When the initial announcement was made that eight categories would be pre-taped and then edited into the 2022 Oscars broadcast, we all knew the short film categories — Best Animated Short, Best Documentary Short and Best Live Action Short — would be the first on the chopping block. While these projects are the least seen of all the Oscar nominees, the categories have given us some amazing moments over the years. So rather than wallow in our sadness about not seeing these doled out live, let’s take a look back at four of the best speeches from past Best Animated Short winners. Hopefully the academy realizes soon that the short categories are something special and should be left alone.
The five Oscar nominees in contention for this year’s Best Animated Short prize are the following: “Affairs of the Art” (Joanna Quinn and Les Mills), “Bestia” (Hugo Covarrubias and Tevo Díaz), “Boxballet” (Anton Dyakov), “Robin Robin” (Dan Ojari and Mikey Please) and “The Windshield Wiper” (Alberto Mielgo and Leo Sanchez).
Great moments don’t have to be ones where many words are said.

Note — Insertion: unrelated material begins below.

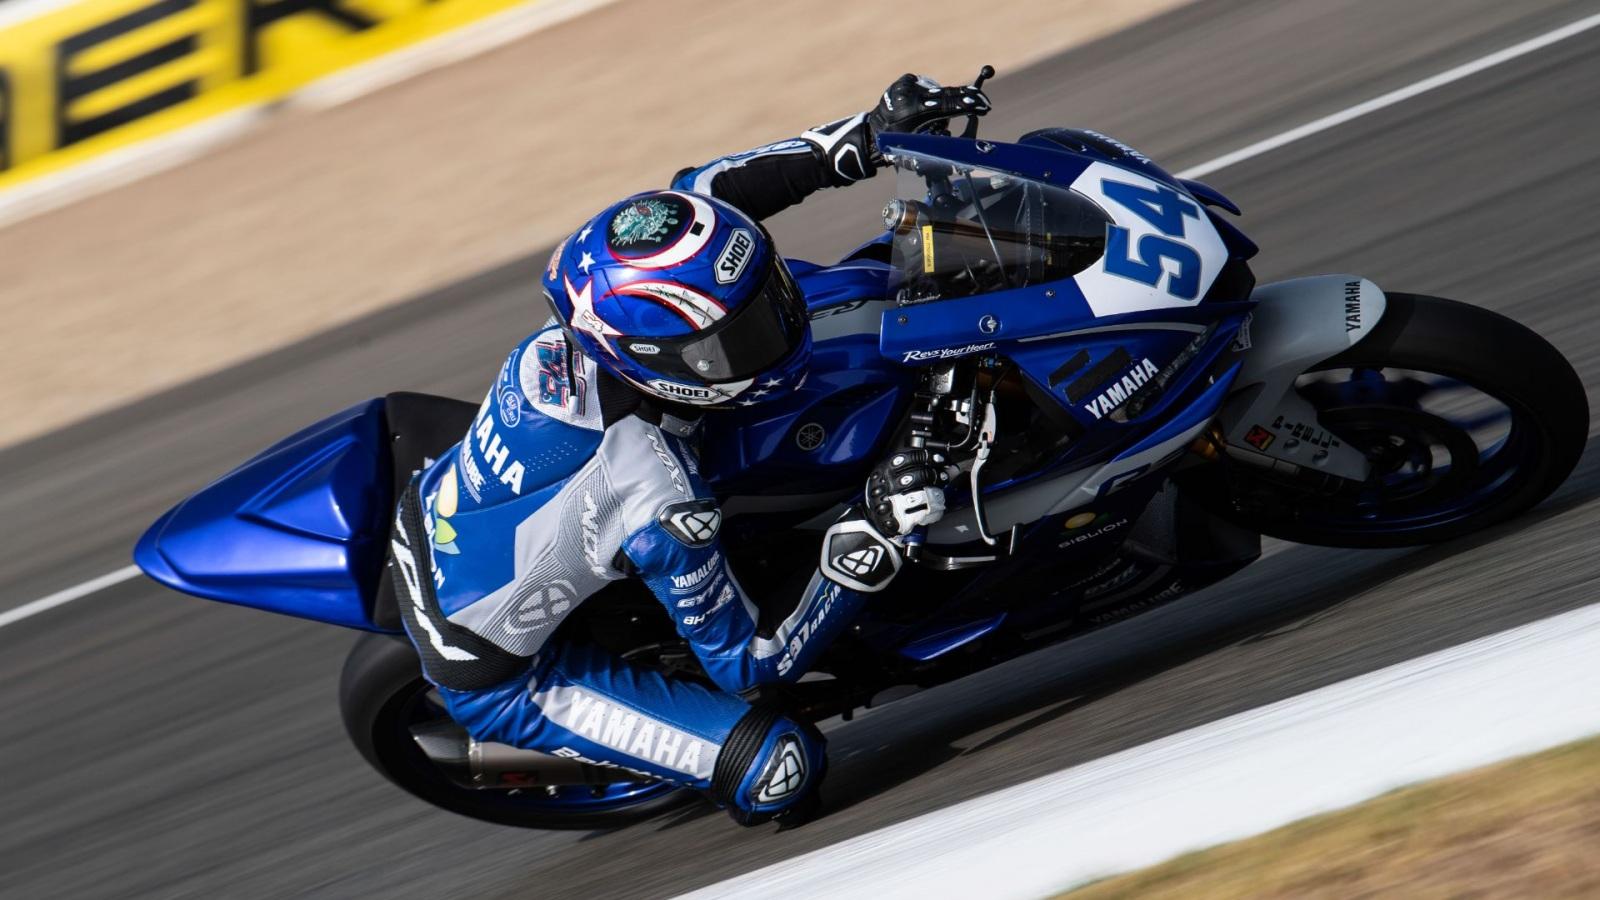 Bahattin Sofuoglu se estrena en Supersport 300 por delante de Ana Carrasco en Jerez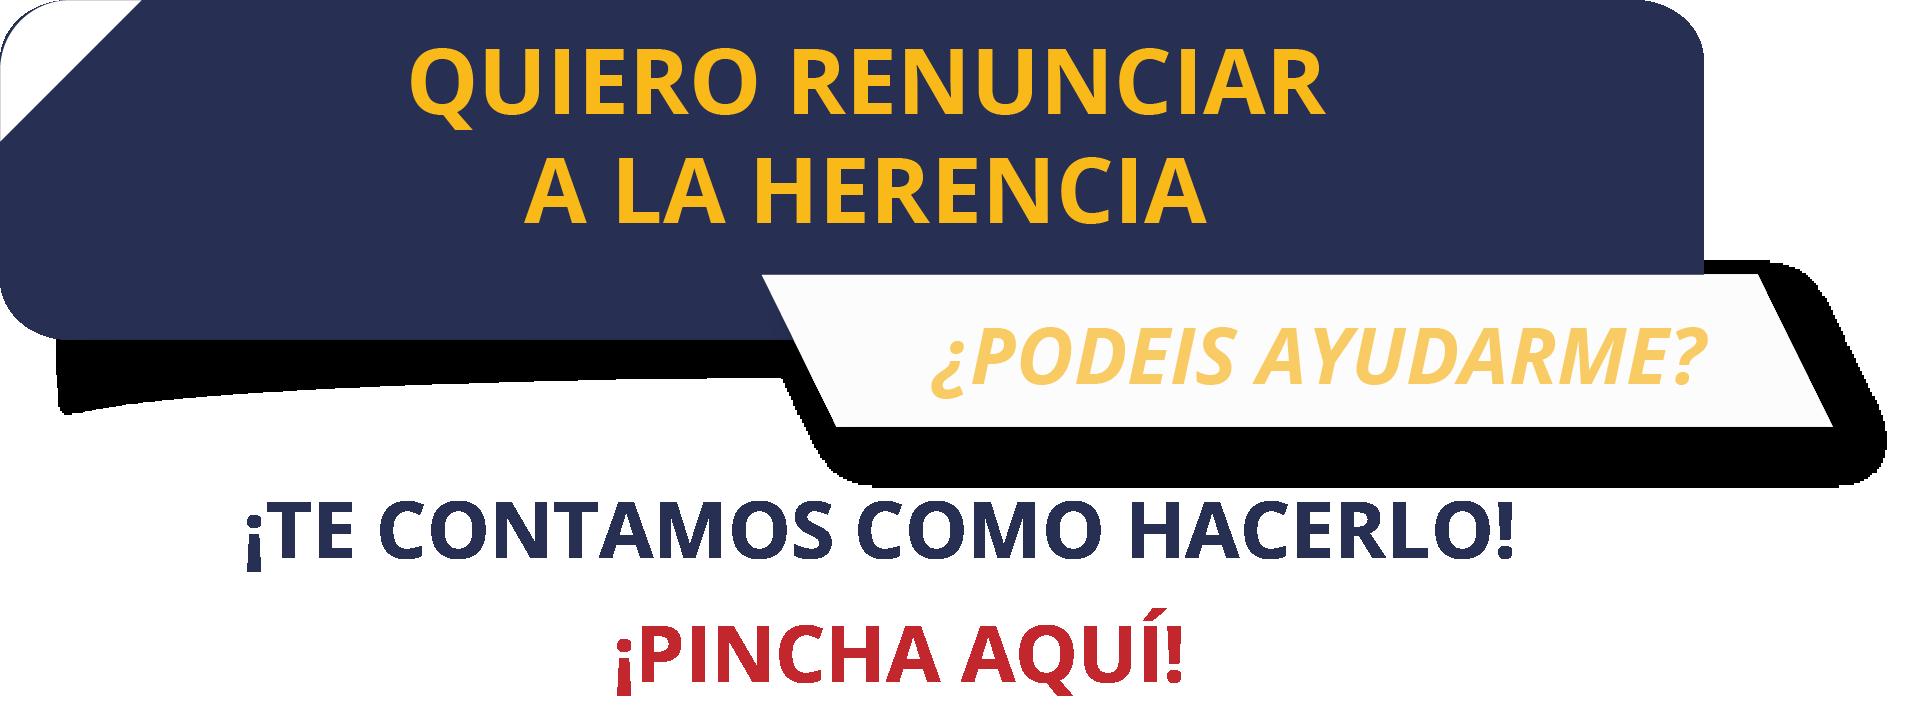 RENUNCIA A LA HERENCIA

In 2008, Japanese filmmaker Kunio Kato used his limited English to full effect when he won for “La Maison en Petits Cubes.” He simply thanked his supporters, staff, pencil, the academy and his company, Robot. This led to him closing his speech by saying, “Domo arigato, Mr. Roboto.”
Some of the best moments from Best Animated Short came just within the past five years. This category made an Oscar winner out of Kobe Bryant for “Dear Basketball” in 2017. Bryant declared, “As basketball players we’re really supposed to ‘shut up and dribble.’ But I’m glad we do a little bit more than that.” Sadly, Bryant died in 2020 in a helicopter crash.
The following year, when Domee Shi won for “Bao” (2018), she proclaimed, “To all of the nerdy girls out there who hide behind their sketchbooks, don’t be afraid to tell your stories to the world.”
When “Hair Love” won the prize in 2019, both recipients movingly talked about why it was important to see Black representation in cartoons. Karen Rupert Toliver stated, “In cartoons that’s when we first see our movies, and it’s how we shape our lives and think about how we see the world.” Matthew A. Cherry followed that up by recognizing their guest, DeAndre Arnold, who had been told he could not attend his high school graduation unless he cut off his dreadlocks.